Дядька Гнат скупо улыбнулся и ответил:

– Ты меня недооцениваешь, Глебушка. Я уже вызвав смену. Тилько воны будут охранять нас снаружи по периметру. Спи спокойно…

Едва голова Глеба коснулась подушки, как он тут же уснул. На этот раз без сновидений.

Глава 21

1918 год. Иона Балагула

В один из теплых весенних дней по улицам Подола вышагивал скверно одетый гражданин босяцкой наружности. Из разбитых ботинок выглядывали большие грязные пальцы, изрядно потрепанный и пыльный пиджак был одет на голое тело, а матросские брюки-клеш едва доходили до щиколоток. По всему было видно, что гражданин носит одежду с чужого плеча.

Большинство улиц Подола не были вымощены брусчаткой, и гражданину то и дело приходилось обходить большие лужи, в которых плескались домашние утки. Присутствовала на улицах и другая живность – козы и куры. Причем подольские козлы явно обладали бандитским характером. Они провожали гражданина какими-то нехорошими взглядами, а самый старый из них, здоровенный черный козлище, вдруг безо всякой причины больно боднул его рогами.

На углу одной из улиц гражданин остановился, прочитал табличку с ее названием – «Ул. Александровская», – удовлетворенно хмыкнул и направился к дому № 91, на котором висела изрядно выцветшая вывеска: «Центральный магазинъ и мастерская часовъ Л. Я. ШАПОВАЛА».

Дверь магазина была заперта. Подергав ее за ручку, гражданин почесал в раздумье нос, а затем, неожиданно рассердившись, пнул дверь несколько раз ногой. При этом он умудрился разбить большой палец правой ноги, который не ко времени выскочил наружу, и начал тихо материться, морщась от боли.

На его удивление за дверью послышался шорох, и чей-то голос робко сказал:

– У нас закрыто.

– Вижу, не слепой… – буркнул гражданин. – Это ты, Лёва?

– Допустим, это я. А кто спрашивает?

– Не узнаешь?

– Прошу пардону – нет.

– Да-а, давно я не был в Киеве. Забыли старые друзья Иона Балагулу, забыли…

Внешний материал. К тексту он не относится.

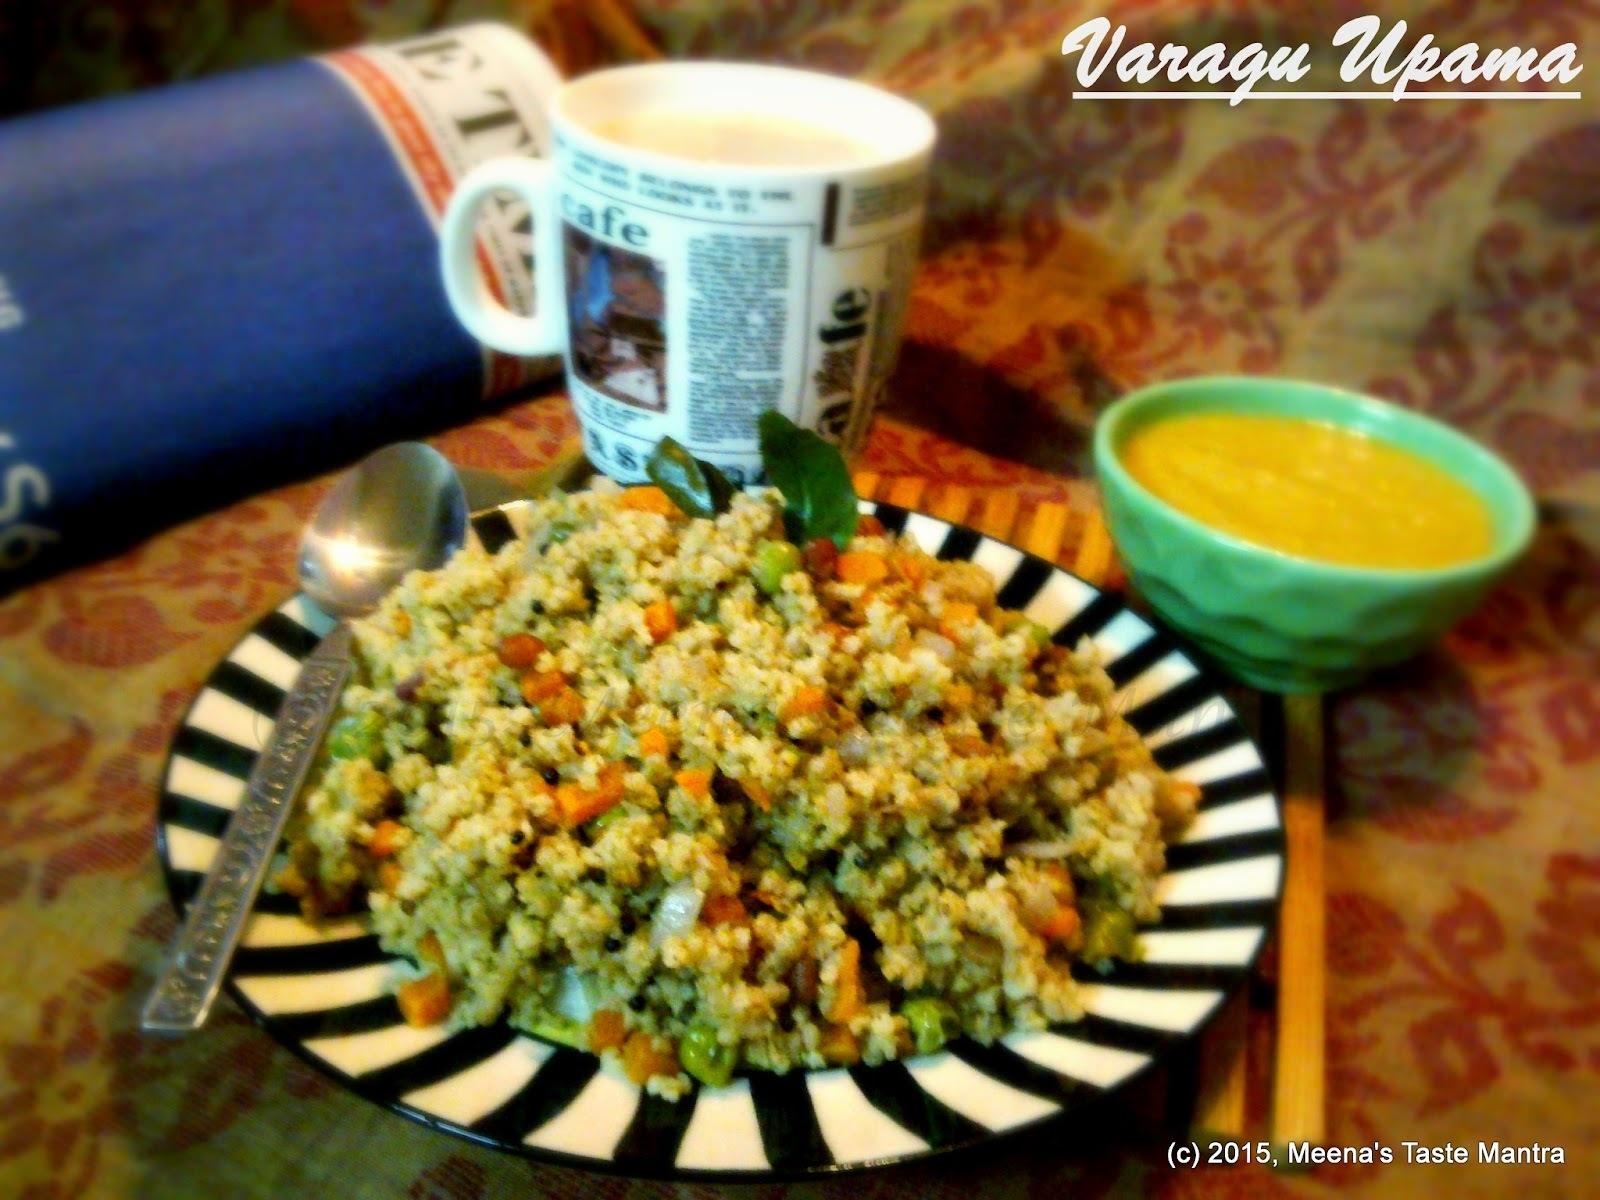 Varagu Upama | Kodo Millet Porridge - A nutritious Breakfast option with Millet

– Балагула?! Тебя же убили.

– Где, когда?!

– Намедни – третьего дня – я разговаривал с Гершком Лейбовичем, так он сам мне это сказал. То ли тебя немцы застрелили, то ли добровольцы из команды охраны Киева. И в газетах будто бы было написано.

– Контора пишет… Вот он я, живой и здоровый. Ты долго будешь держать меня под дверью?! Открывай.

– А ты точно Балагула?

– Вот те раз… Гумажку показать, что дали мне вместо пачпорта? Али так обойдемся?

– Ты лучше подойди к окошку. Хочу тебя видеть.

– Ладно, смотри… чтоб тебя!

Балагула подошел к витрине, которая теперь была забита деревянными щитами, и стал перед крохотным оконцем, прорезанном в нестроганых досках. Снаружи послышался возглас удовлетворения, и спустя минуту, прогрохотав засовами, дверь магазина отворилась.

– Вы что тут, совсем сбрендили?! – возмущался Балагула. – Попрятались все, как крысы, и сидят, нос наружу не кажут.

– Здравствуй, Иона, – сдержанно сказал хозяин магазина, протер очки и снова водрузил их на нос.

– Ну, здорово, Лёва…

Они обнялись. Ни Шаповал, ни Балагула не были друзьями. Их объединяло анархистское прошлое. Шаповал поддерживал группу анархистов, в которую входил Ион, материально.

– Ты голоден?.. – спросил Лёва.

– А ты как думаешь?

– Думаю, что надо тебя покормить… да вот чем?

– Ну-ну, не прибедняйся.

– Эх, Иона, ты сильно оторвался от реалий жизни. У нас почти каждую неделю то погромы, то конфискации. Живем одним днем. Ты посиди, я сейчас…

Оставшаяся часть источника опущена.